ジャック「明後日からしばらくは戻らぬこととなりました、母上。すぐに解決するかも知れませんし、何年もかかるかもしれません。どうぞ母上におかれましては……」

 

 得たいの知れない宗教団体に潜入捜査の命を受けたジャックが母親に最後になるかもしれない挨拶を交わしているところであった。

 

母「真相なんてどうでもいいでしょう、ジャック。お父様は国家機密を漏洩させて処罰されたのです。どうにかお家取り潰しまでは免れたけれど……これ以上、事を荒立てないでおくれ」

ジャック「真相がどうでも良いとは、母上の言葉とも思えません。
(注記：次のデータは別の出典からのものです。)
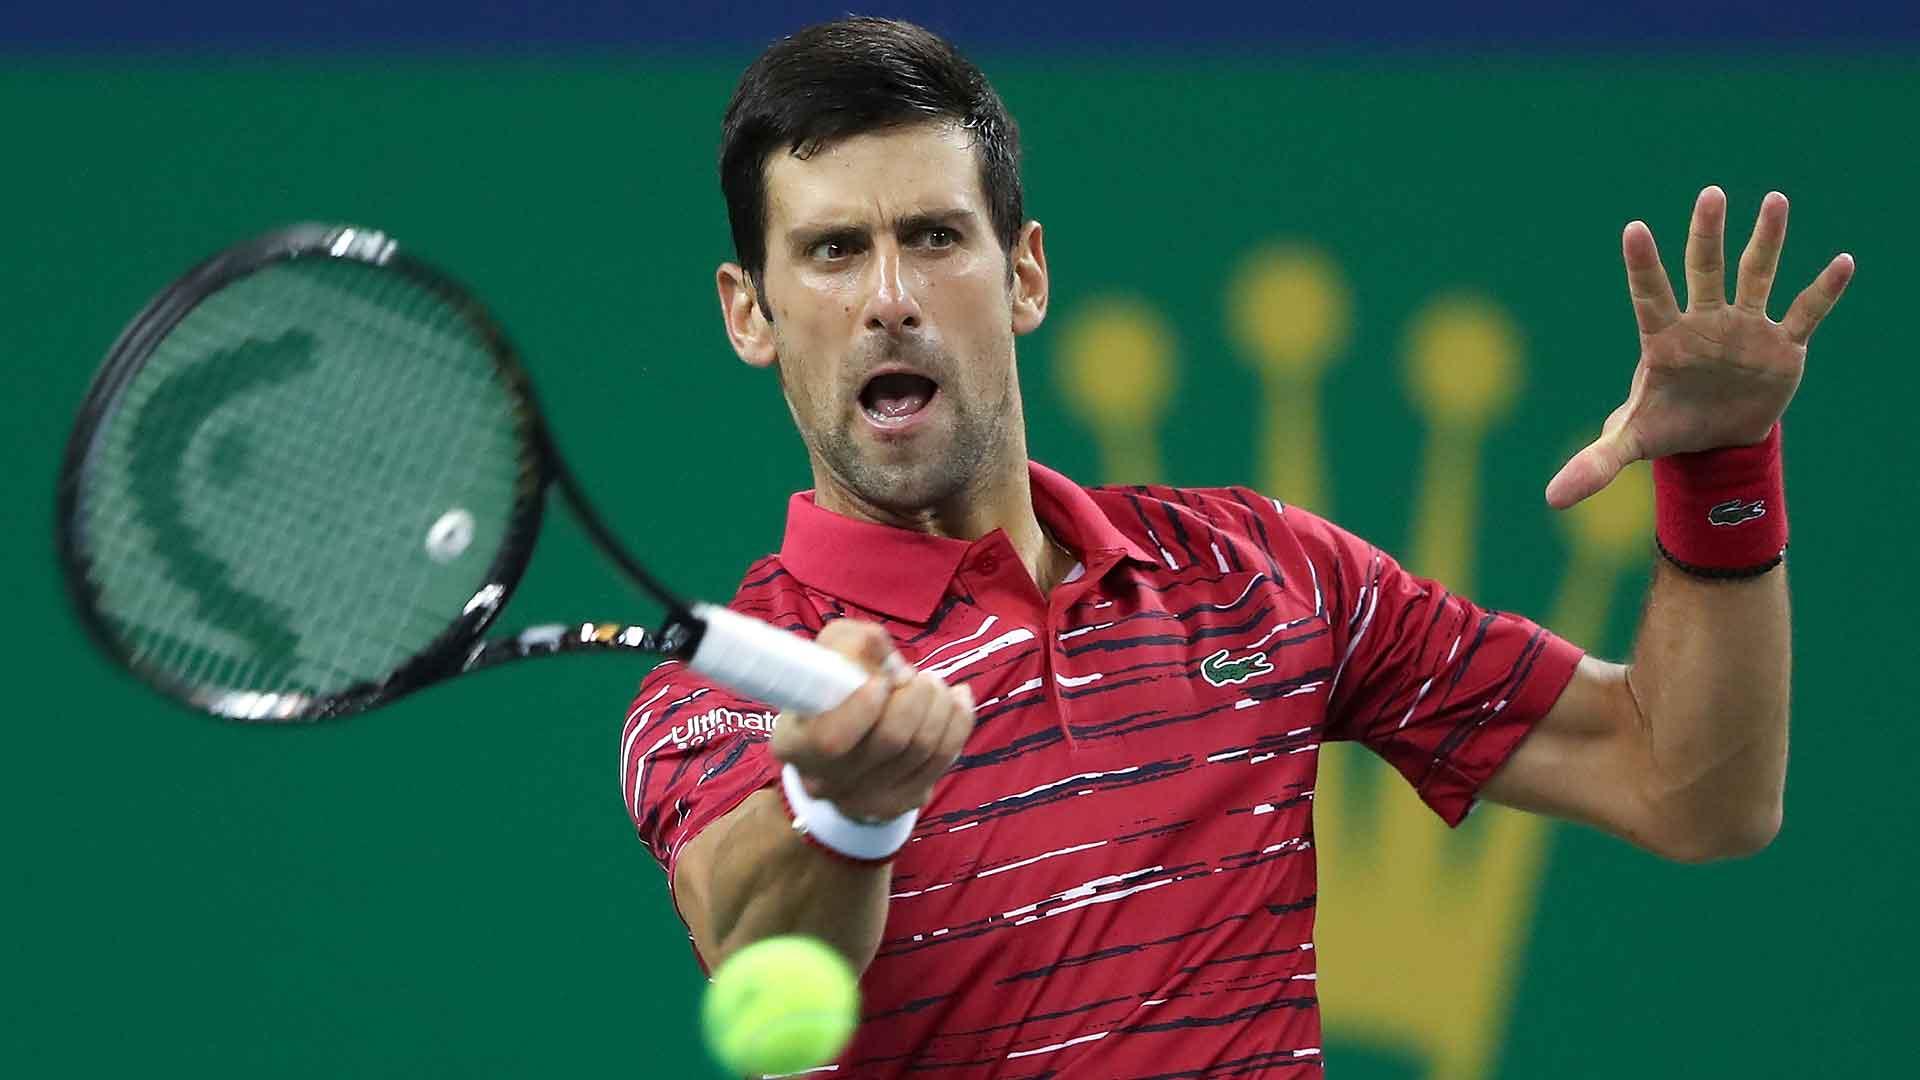 Djokovic derrota Isner e vai às quartas em Xangai

疑いが晴れれば父も喜びましょうし、このウイングソード家の再興もかないます」

 

 処刑された父は宗教団体とつながっていた可能性を指摘されていたのだ。

 

母「もう私はそんなことはどうでもいい。それよりも一人息子のお前にもしもがあったら、家はどうするつもりですか」

 

 浪費のツケが回って息子に内緒で借金を密に抱え込んでいた母親は、唯一の稼ぎ手である息子のジャックがいなくなるのをひどく恐れていたのである。

 

ジャック「恩師ヴァルト様より、国の命運にかかわる重要なお役目をこのジャックにと推薦していただけたのです。そのご厚意に報いるためにも私は必ず成功を収めねばなりません」

母「どうしてお前は無茶ばかりをする」

ジャック「無茶などではございませんよ、母上。母上が無理だとおっしゃった薔薇の騎士にもなりました」

母「母の心配する気持ちが通じないのですか、お前には」

ジャック「ありがとうございます。母上のお気持ち、しかと胸に」

 

胸に片手をあててから、軽い用事であるかのように彼は言う。